A UFBA e o Governo do Estado assinaram no final de março um acordo de cooperação para dar subsídios ao processo de obtenção do registro de “Indicação Geográfica” e/ou “Marca Coletiva”, uma espécie de selo de qualidade e autenticidade, que as comunidades de Maragogipinho e Saubara vão pleitear para o artesanato que produzem tradicionalmente, ou seja, cerâmicas e renda de bilro. Esse certificado é emitido no país pelo Instituto Nacional de Propriedade Industrial (INPI) e cria condições mais vantajosas para a colocação de produtos locais no mercado internacional.
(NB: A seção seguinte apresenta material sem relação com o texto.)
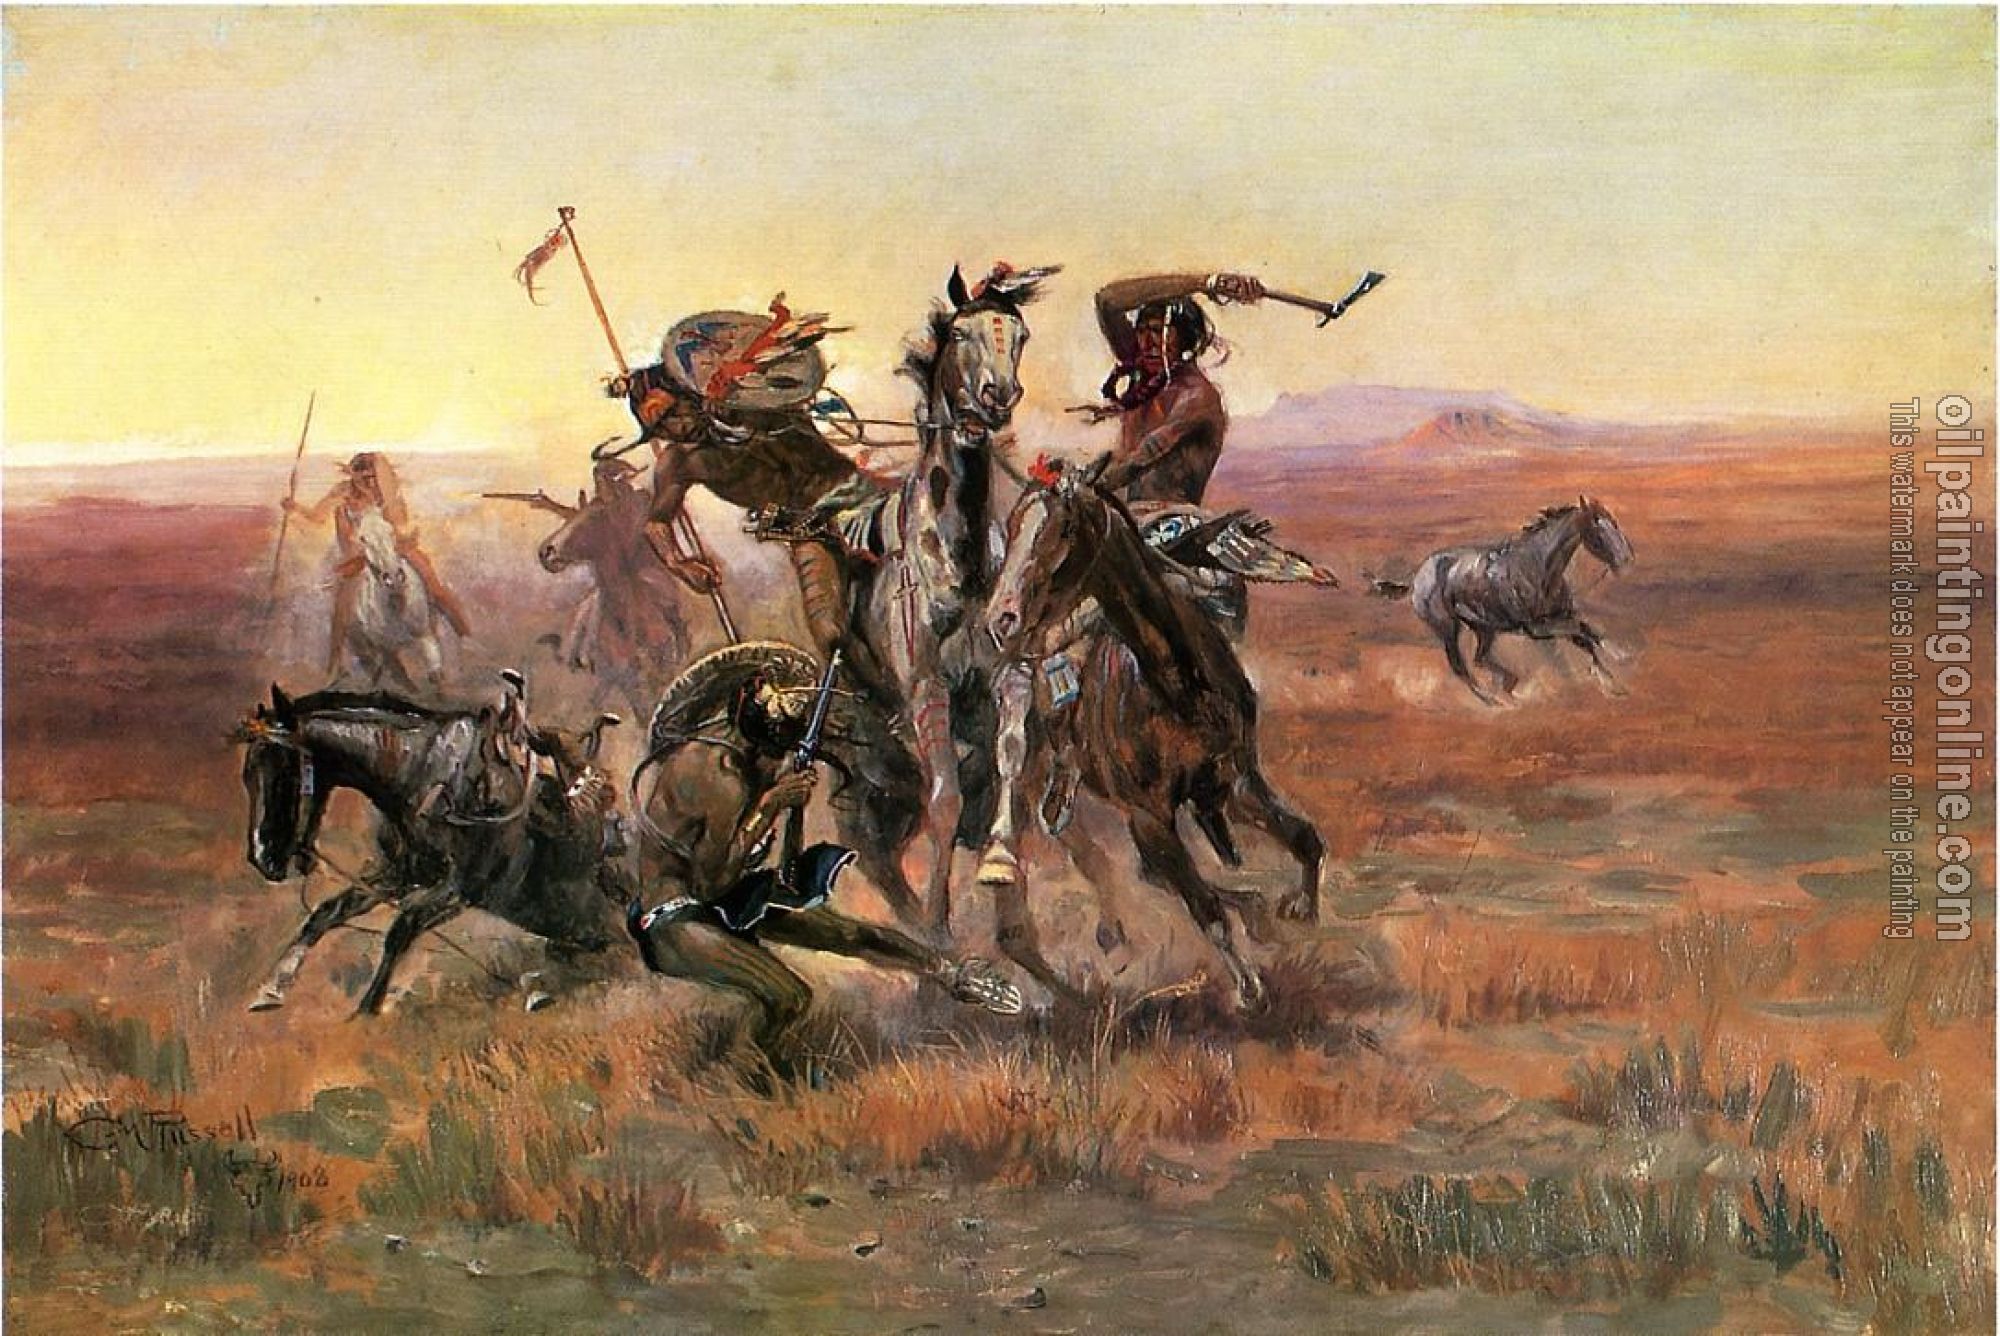 Charles Marion Russell - When Blackfeet and Sioux Meet

O que se pretende com o acordo de cooperação é oferecer às associações de oleiros e rendeiras o suporte de especialistas e outros apoios técnicos para que as duas comunidades do Recôncavo baiano possam atender às exigências do INPI em relação à certificação buscada. A UFBA, por exemplo, deve por à disposição dessas associações pesquisadores  das áreas de história, geografia, propriedade intelectual, ciências contábeis, mobilização social e design. Já a Secretaria de Trabalho, Emprego, Renda e Esporte vai disponibilizar técnicos para acompanhar o desenvolvimento artesanal e elaborar os relatórios correspondentes. Os dois lados do acordo foram representados na cerimônia de assinatura, durante o X Encontro de Artesãos da Bahia, pelo vice-reitor Paulo Miguez e pela secretária Olívia Santana.
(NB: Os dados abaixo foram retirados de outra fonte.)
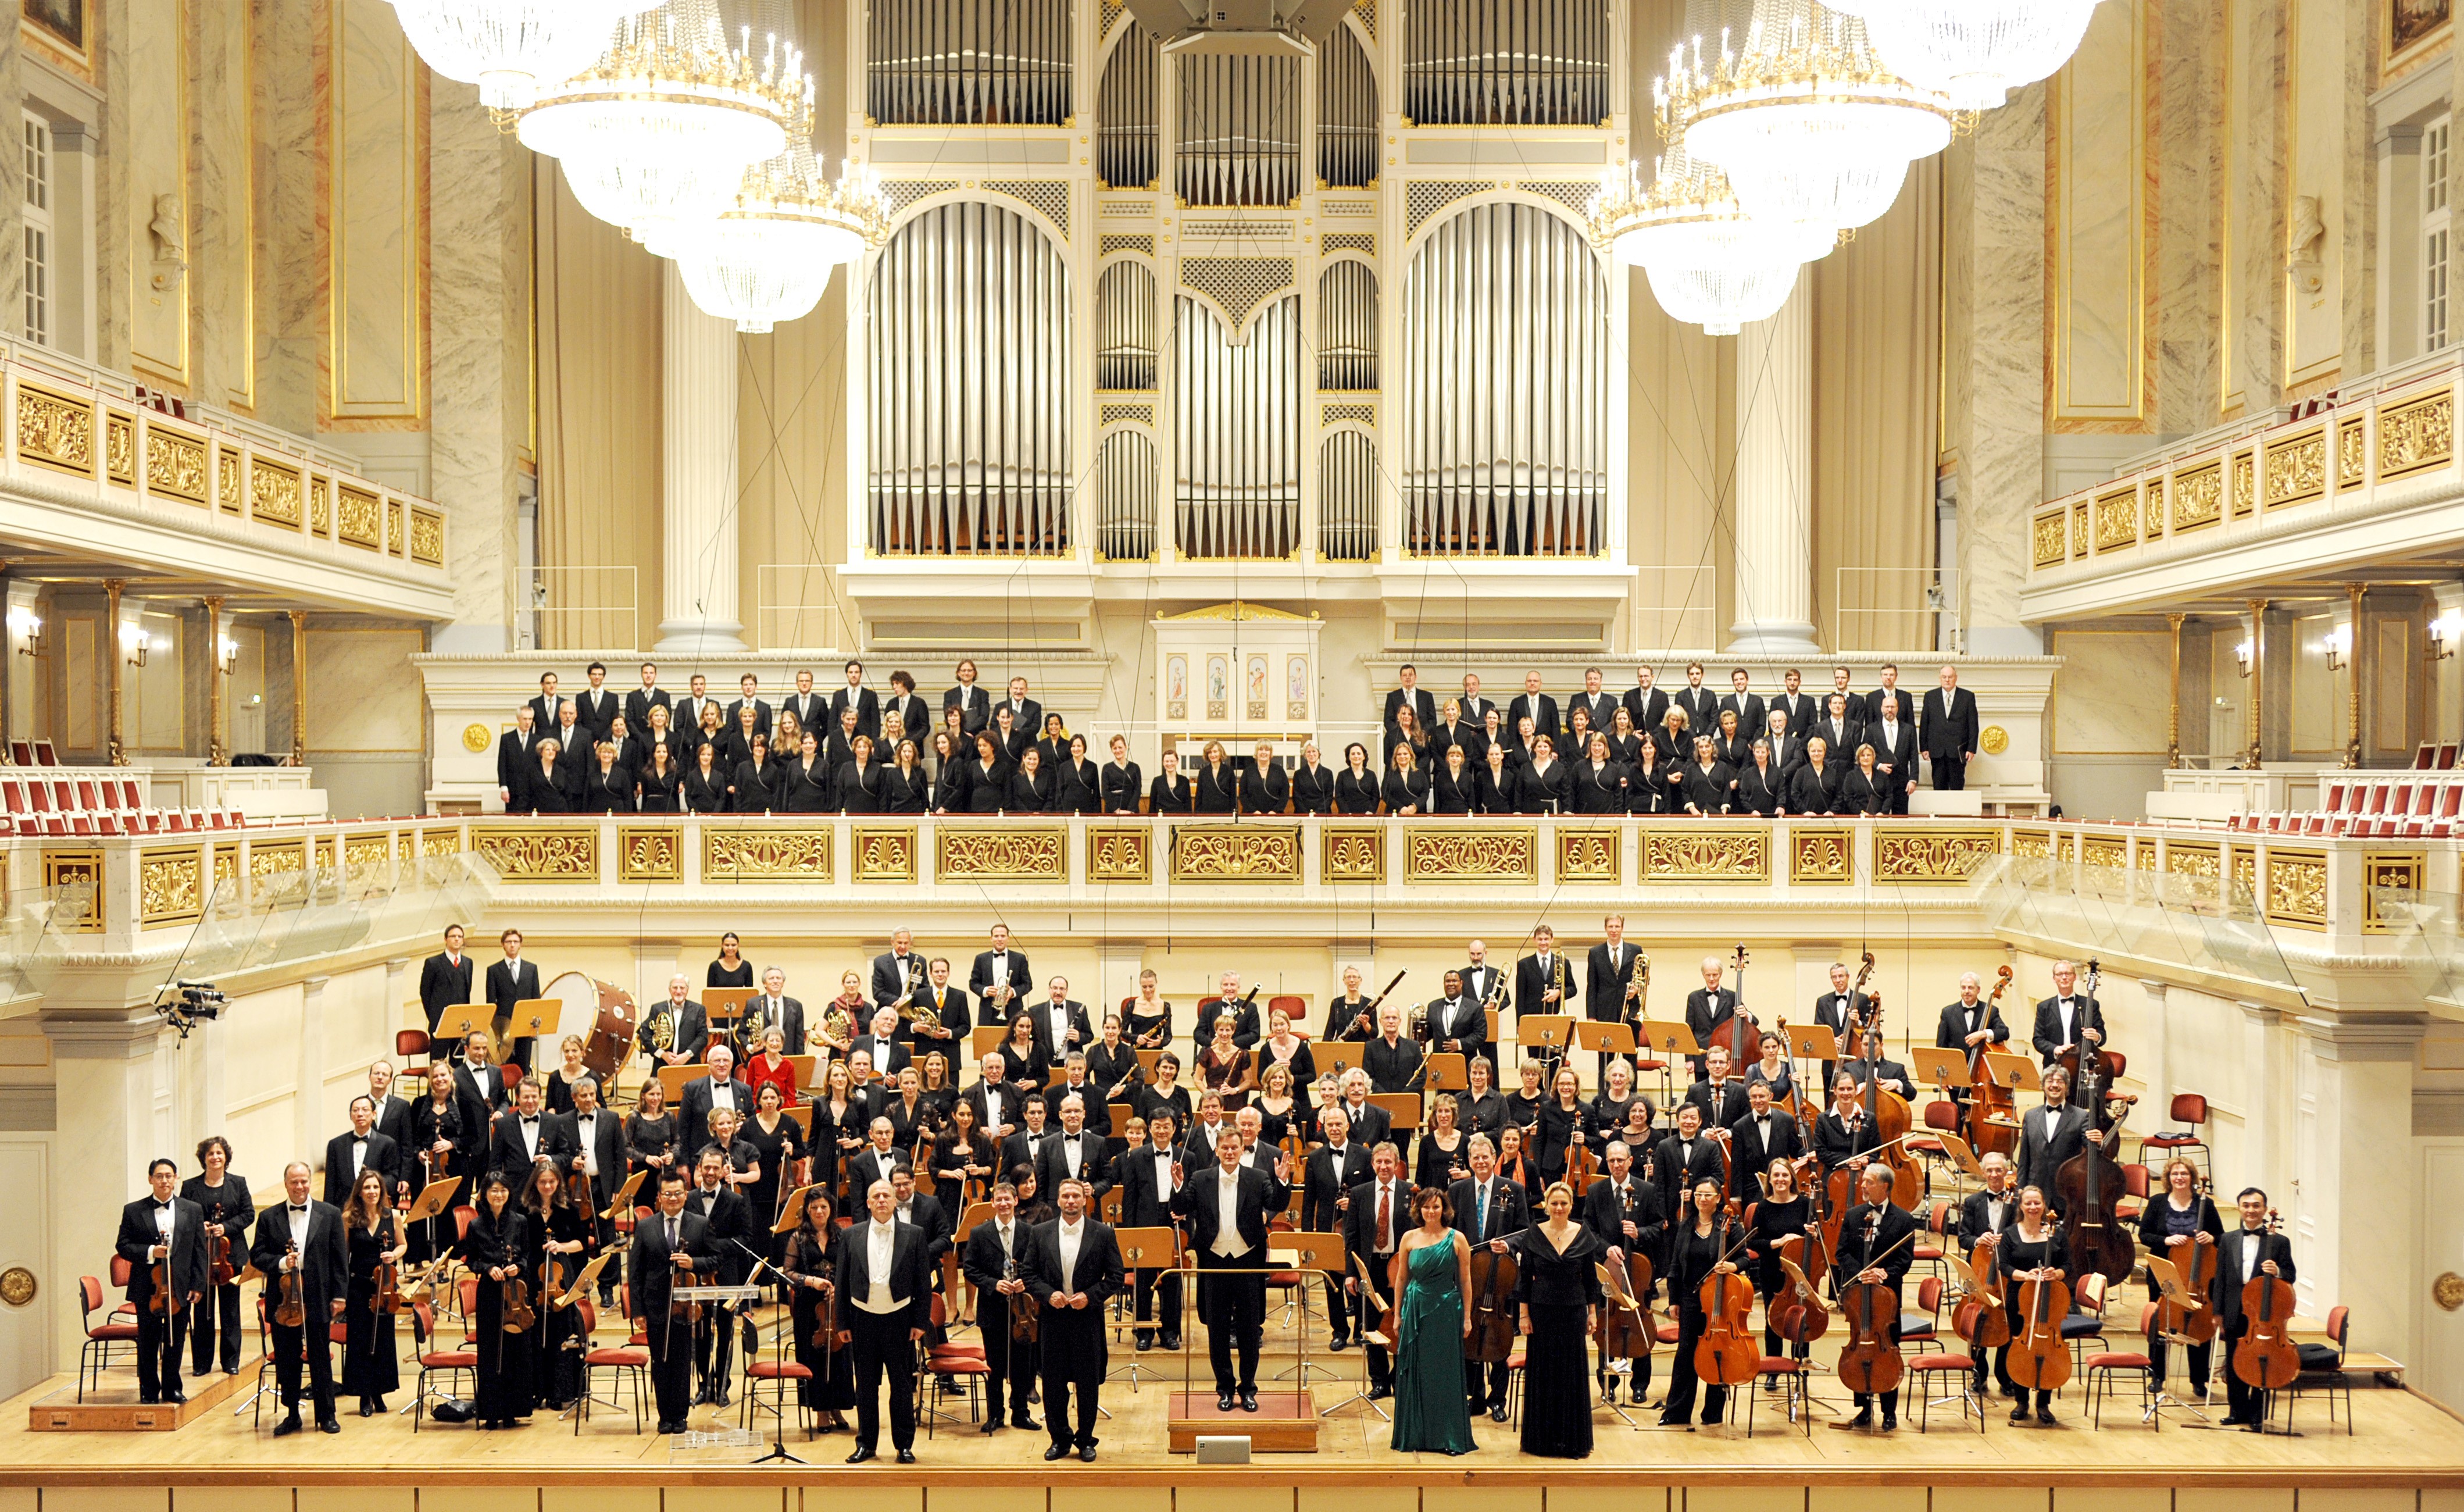 Berlin orchestra

As indicações geográficas, observa a coordenadora de propriedade intelectual da Pró-Reitoria de Pesquisa, Criação e Inovação (Propci), Angela Rocha, são uma modalidade de propriedade intelectual, a exemplo de marcas, patentes e direitos de autor.  No entanto, difere destas por não ter apenas o lucro como foco ou sua apropriação por um um indivíduo ou pequeno grupo. Em vez disso, procura representar e proteger o interesse de uma coletividade.
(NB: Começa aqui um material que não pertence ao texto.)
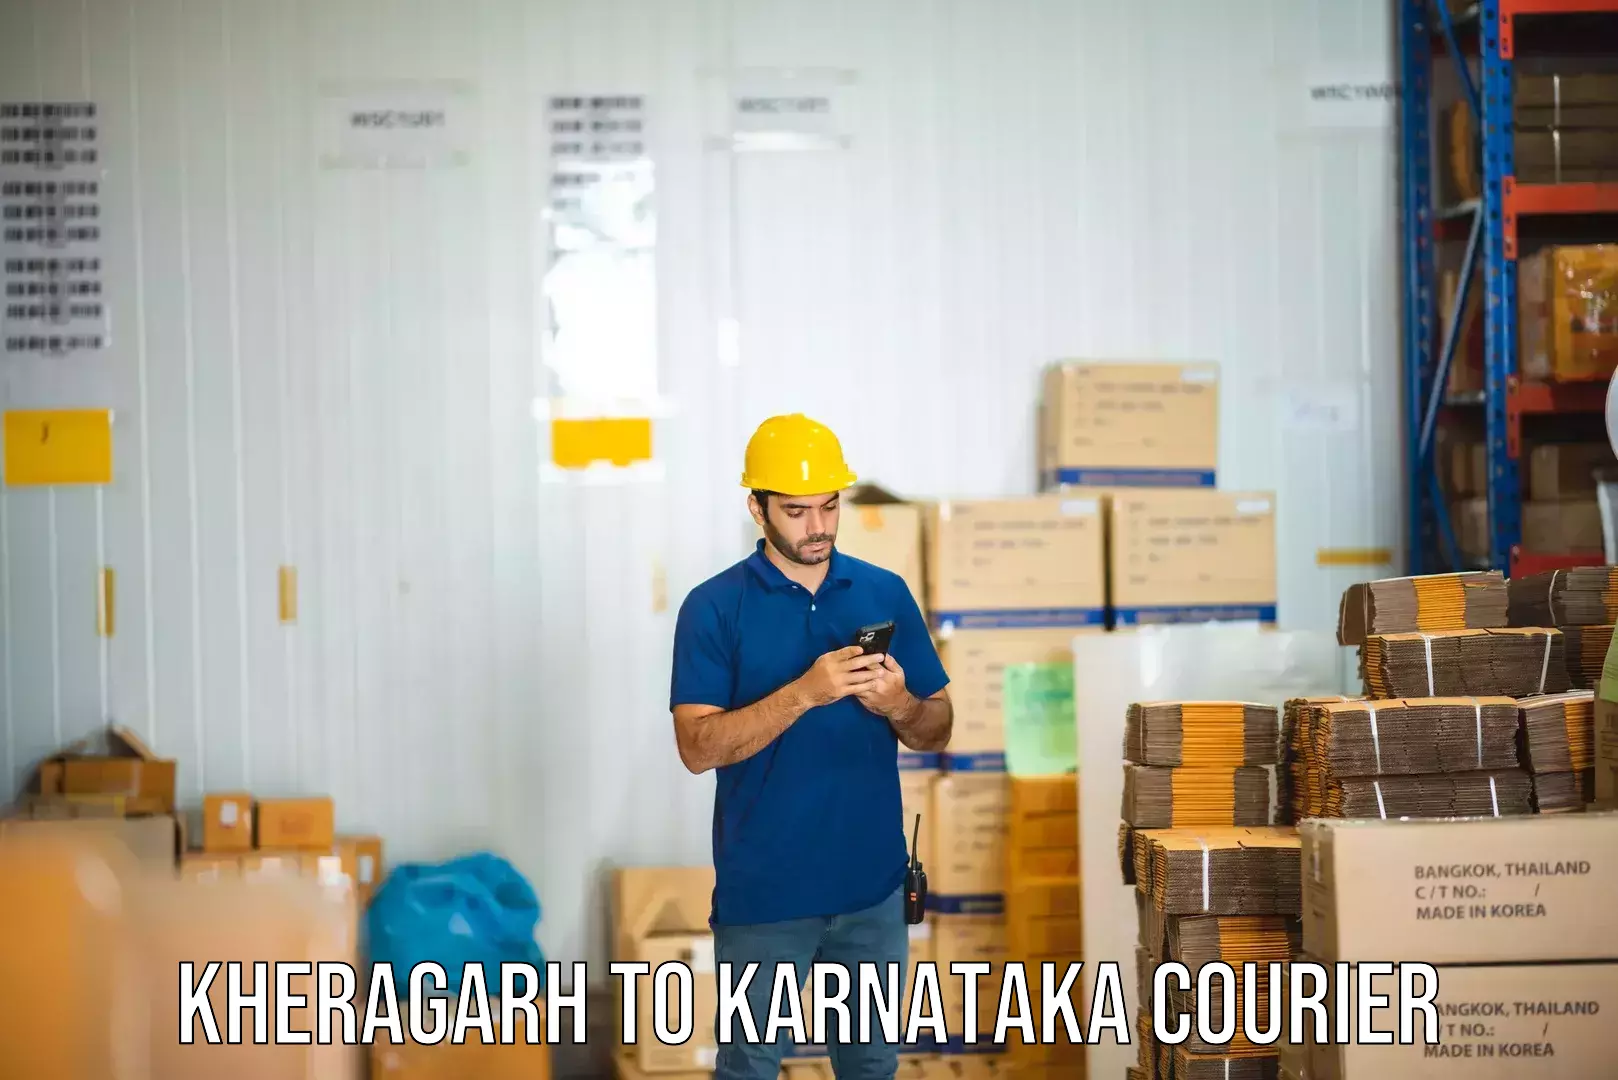 Courier service innovation Kheragarh to Karnataka

“Acreditamos na obtenção do registro pelas duas comunidades em razão do seu nível de organização”, diz Angela, ao referir-se à  Associação das Artesãs de Saubara, a Casa das Rendeiras, e à Associação de Auxílio Mútuo dos Oleiros de Maragogipinho (Aamom). Angela Rocha enfatiza que a UFBA e o governo do estado atuarão como mediadores na obtenção das indicações geográficas,  já que apenas as comunidades podem pleitear o ganho do selo, de caráter vitalício.

O distrito de Maragogipinho, pertencente à cidade de Aratauípe, a 58 km de Salvador, ganhou em 2004 menção honrosa no Prêmio Unesco de Artesanato para a América Latina e Caribe como o maior centro cerâmico da América Latina. Tem dezenas de olarias às margens do Rio Jaguaripe. Marcada por um estilo que vem sendo passando de geração a geração desde a época da escravidão, na produção cerâmica do pequeno distrito estão objetos de decoração e utilitários diversos, de santos de barro a panelas que, segundo o saber local, dão sabor especial à comida.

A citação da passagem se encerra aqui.